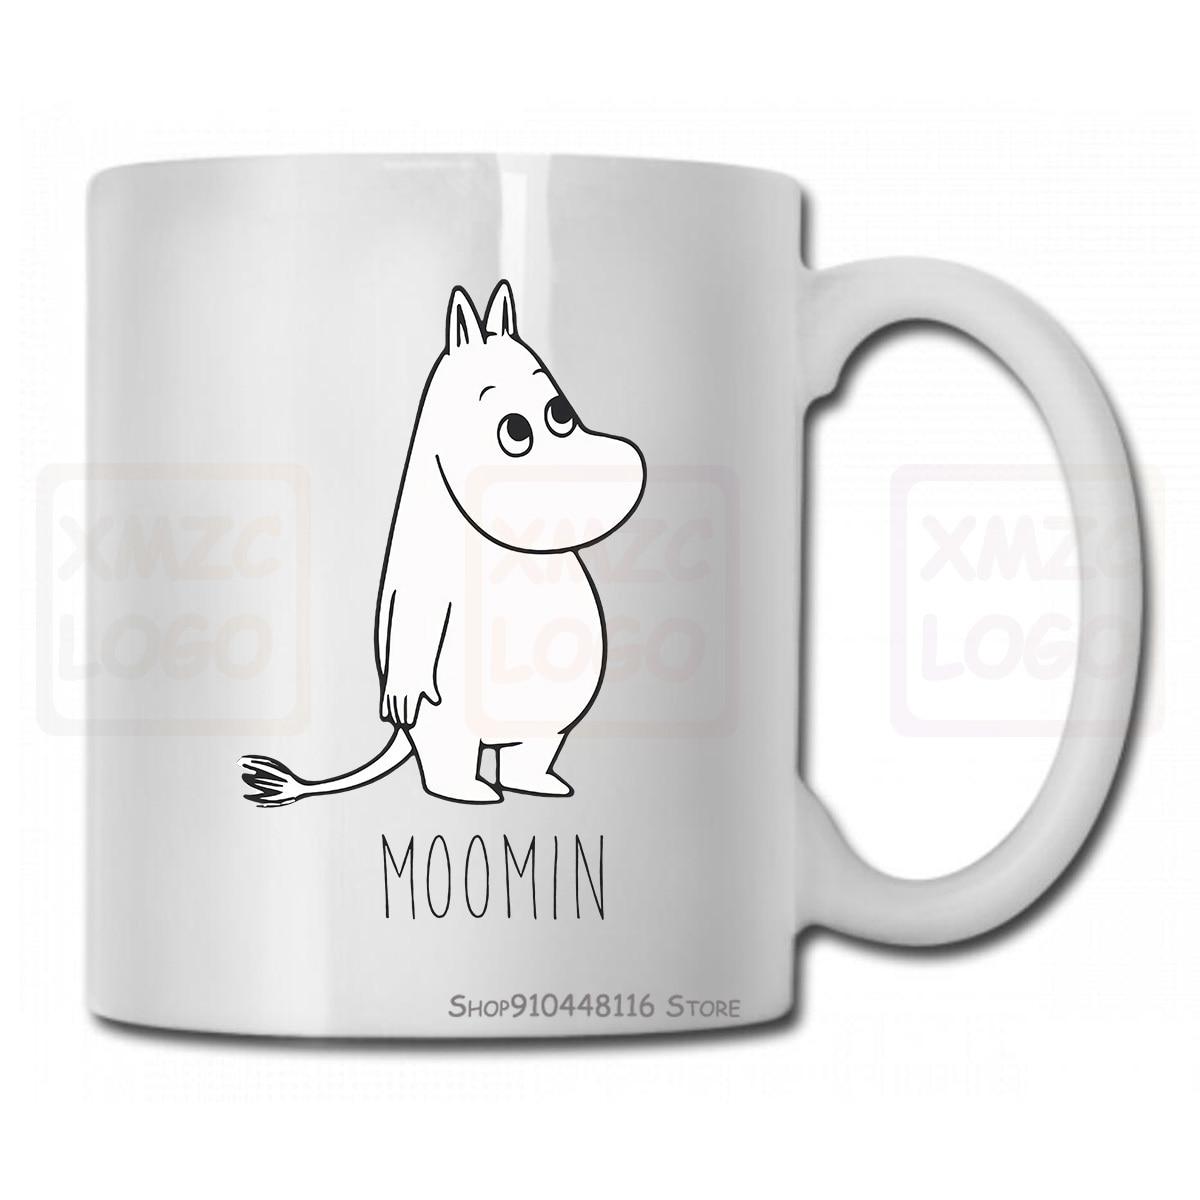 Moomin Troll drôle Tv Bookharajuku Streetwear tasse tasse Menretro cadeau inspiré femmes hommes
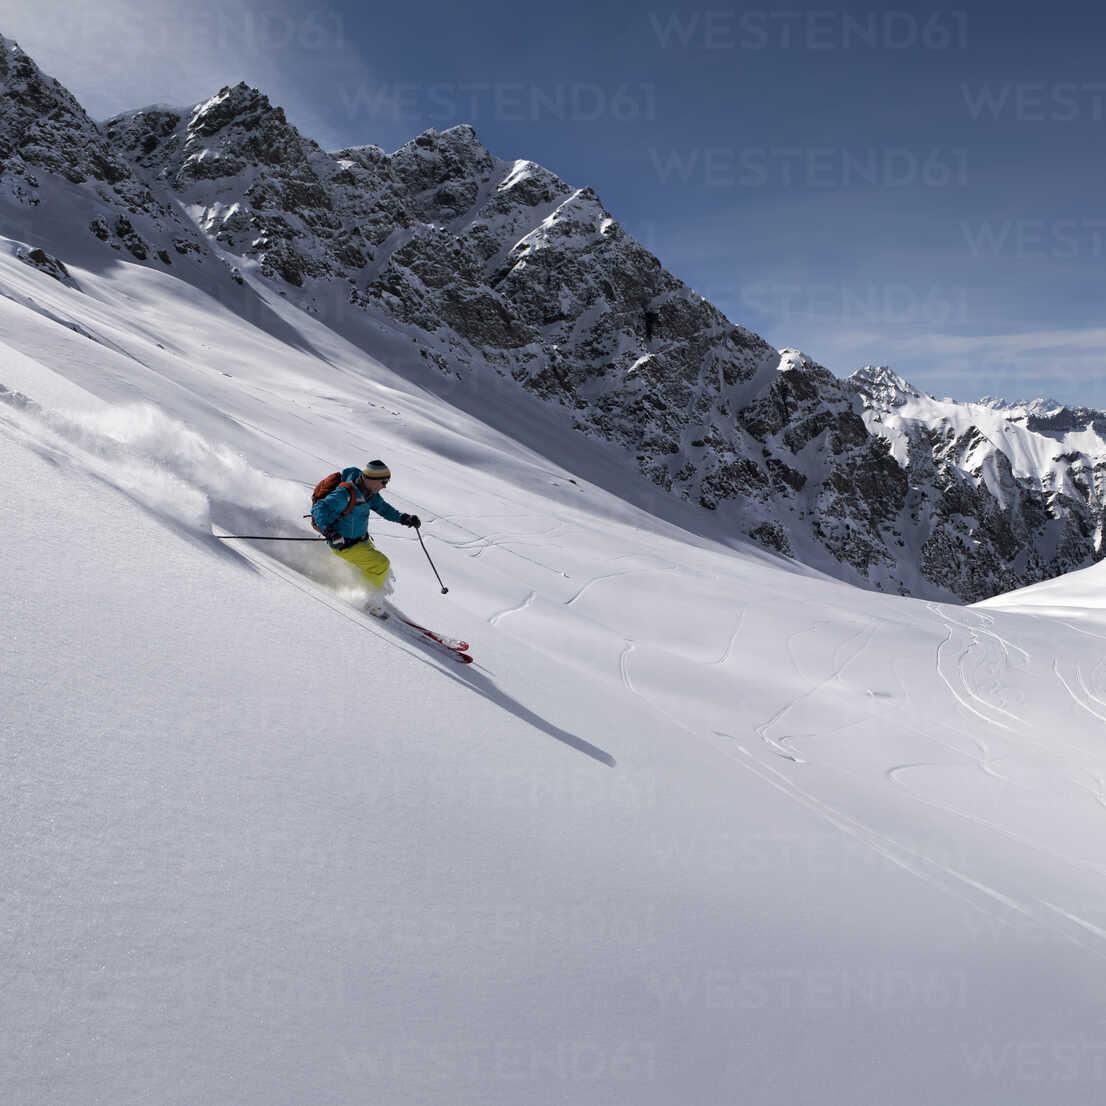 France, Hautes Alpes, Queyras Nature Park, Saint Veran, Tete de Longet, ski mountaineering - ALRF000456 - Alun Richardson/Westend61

::::::::

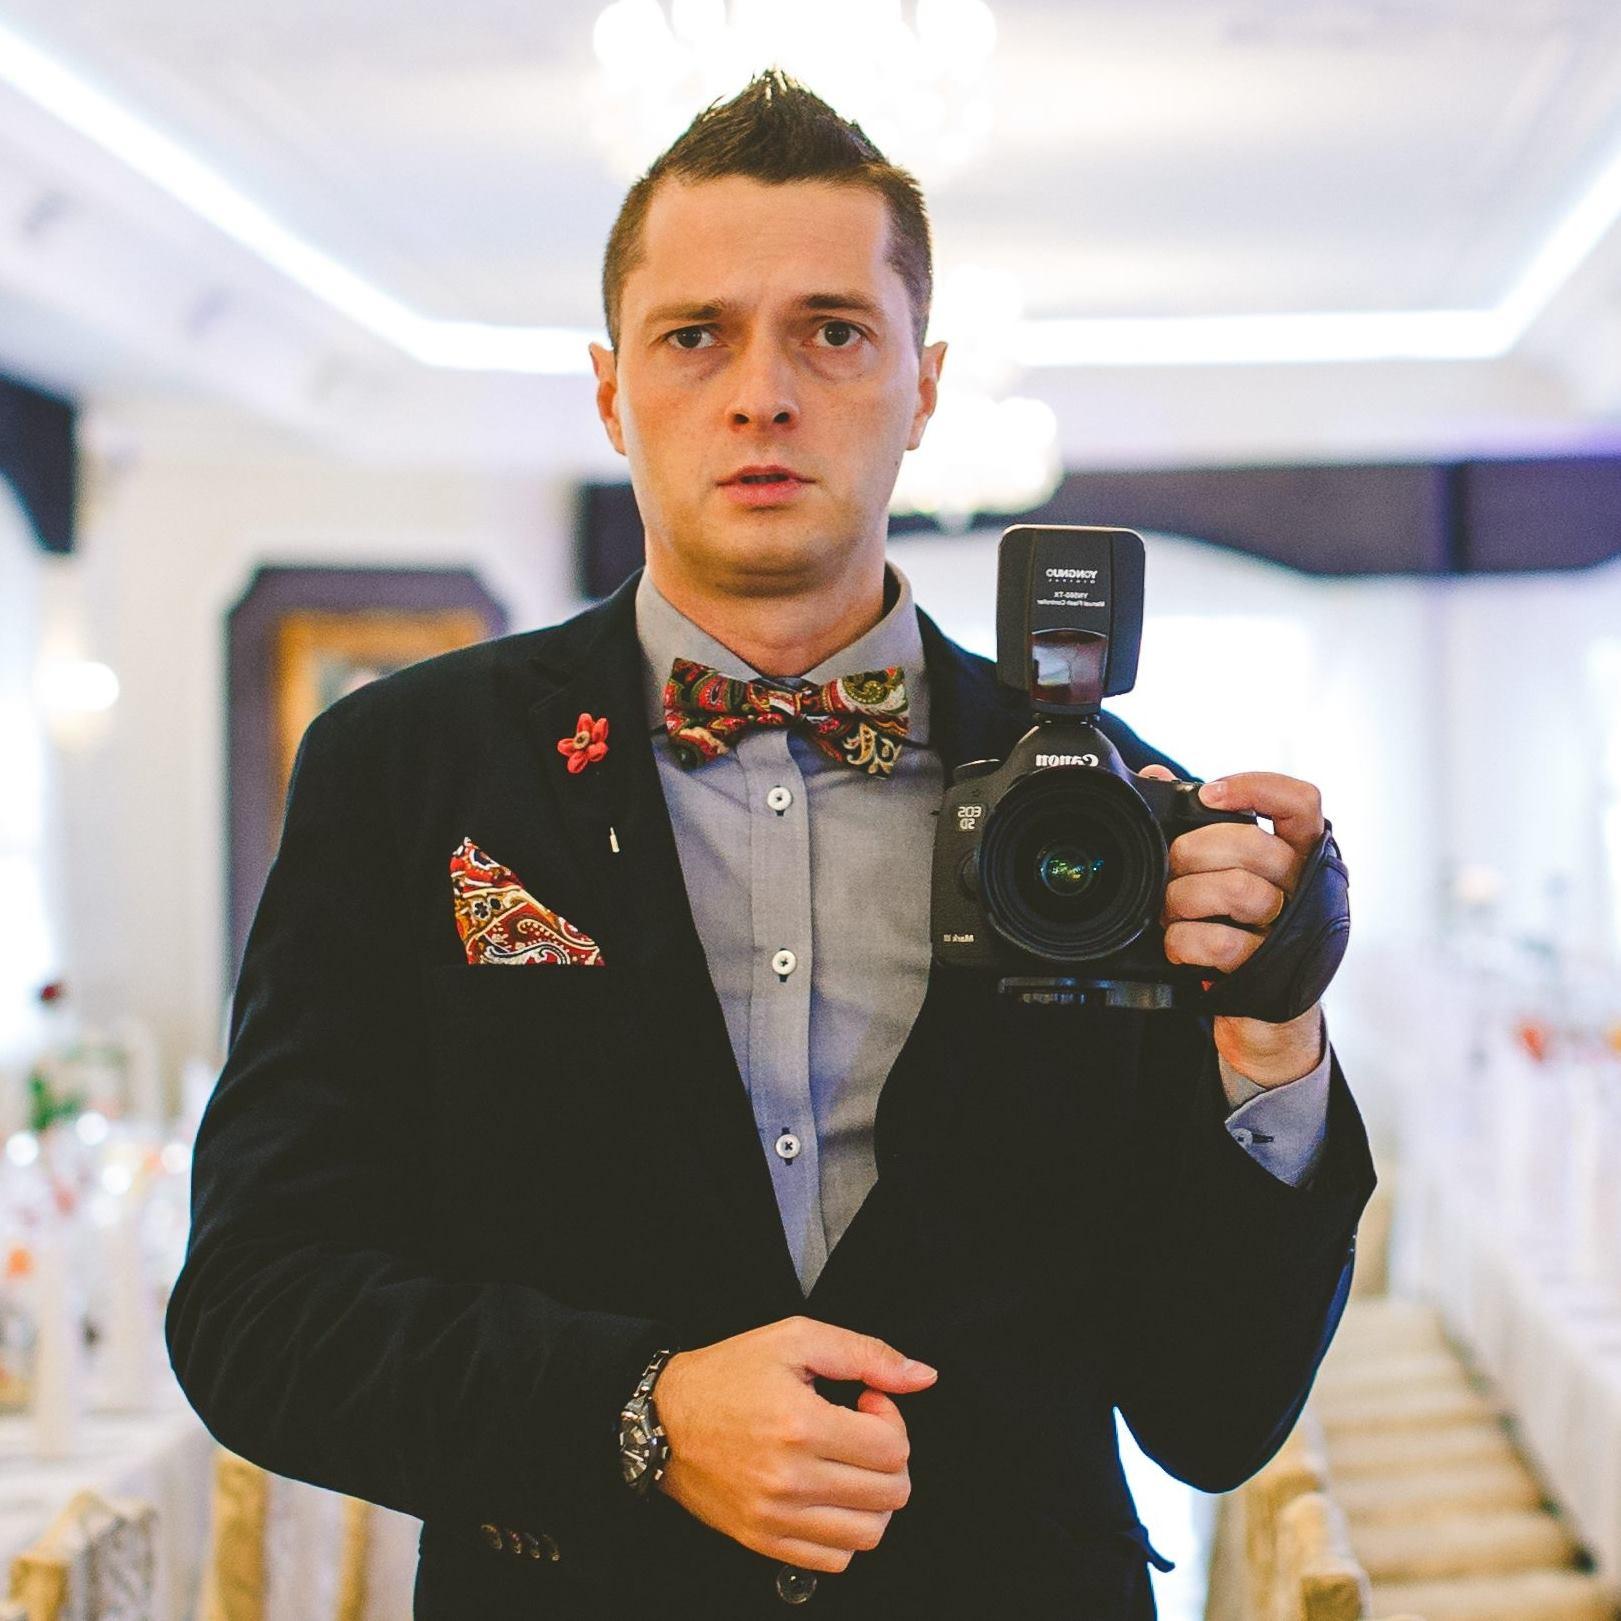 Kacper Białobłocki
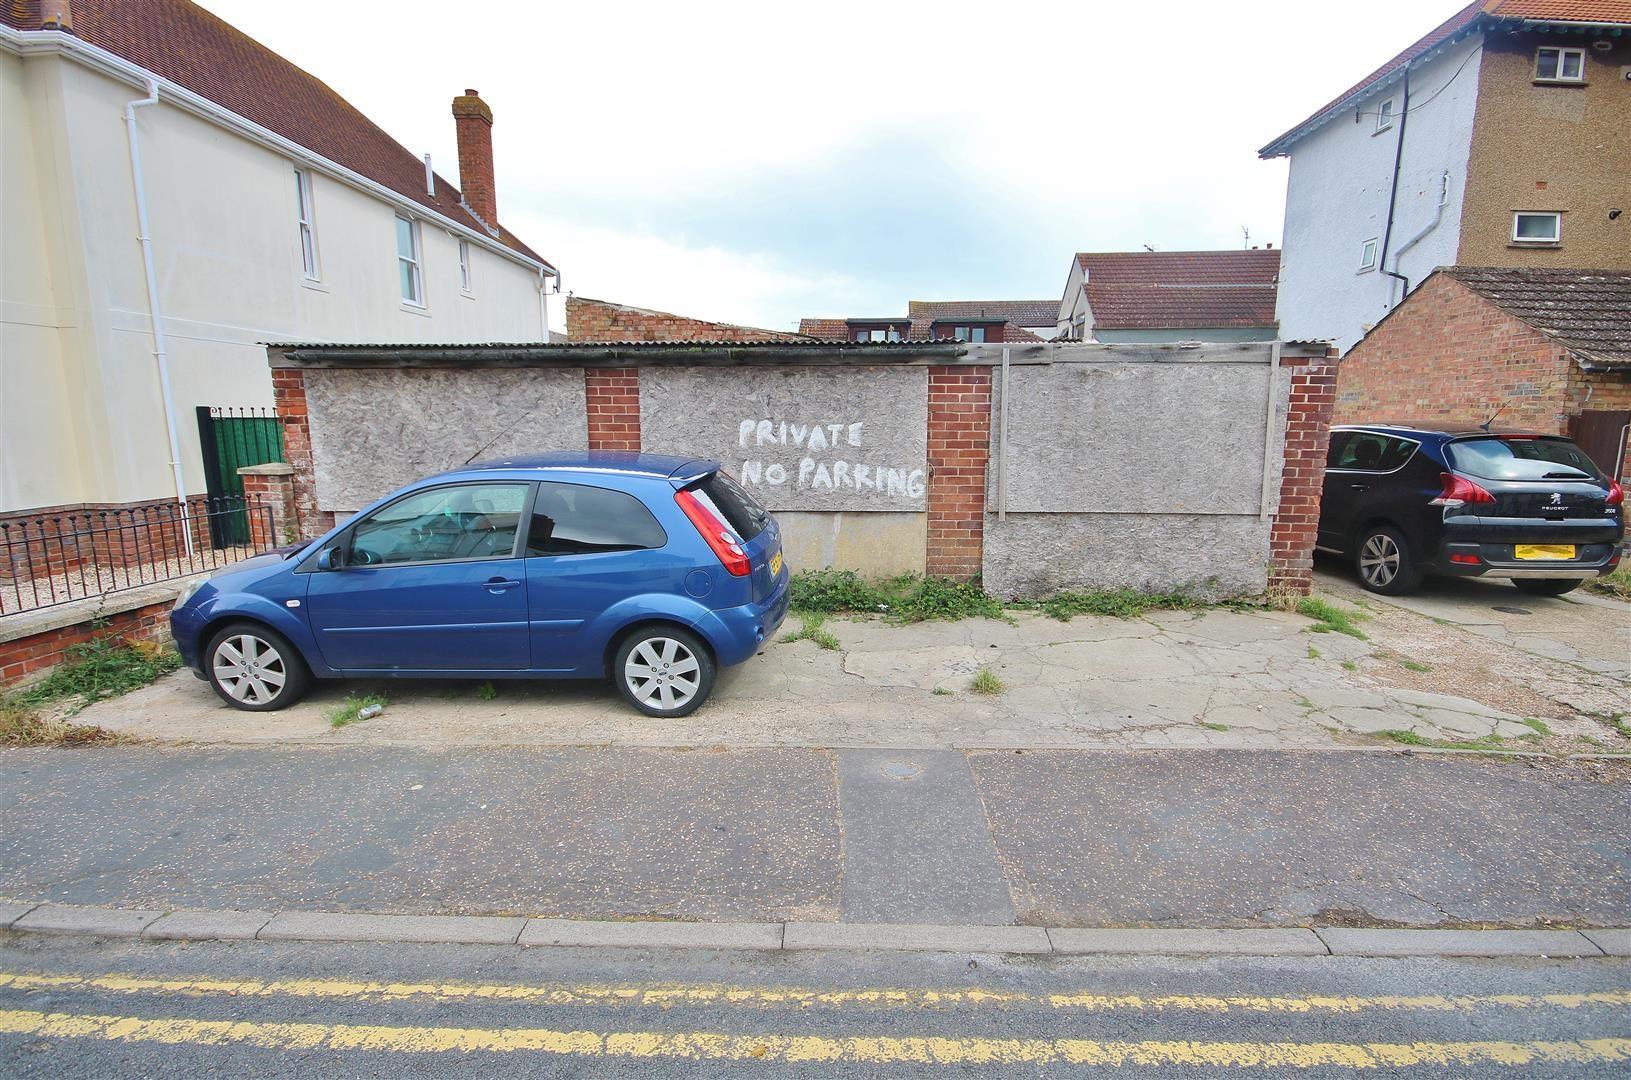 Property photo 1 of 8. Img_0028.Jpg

::::::::

*Your assignment*:
From the records above, transcribe only the stretch from the line with "Moomin Troll drôle" through the line with "France, Hautes Alpes, Queyras", keeping both ends. Omit pictures.

*Solved exercise*:
 Moomin Troll drôle Tv Bookharajuku Streetwear tasse tasse Menretro cadeau inspiré femmes hommes
 France, Hautes Alpes, Queyras Nature Park, Saint Veran, Tete de Longet, ski mountaineering - ALRF000456 - Alun Richardson/Westend61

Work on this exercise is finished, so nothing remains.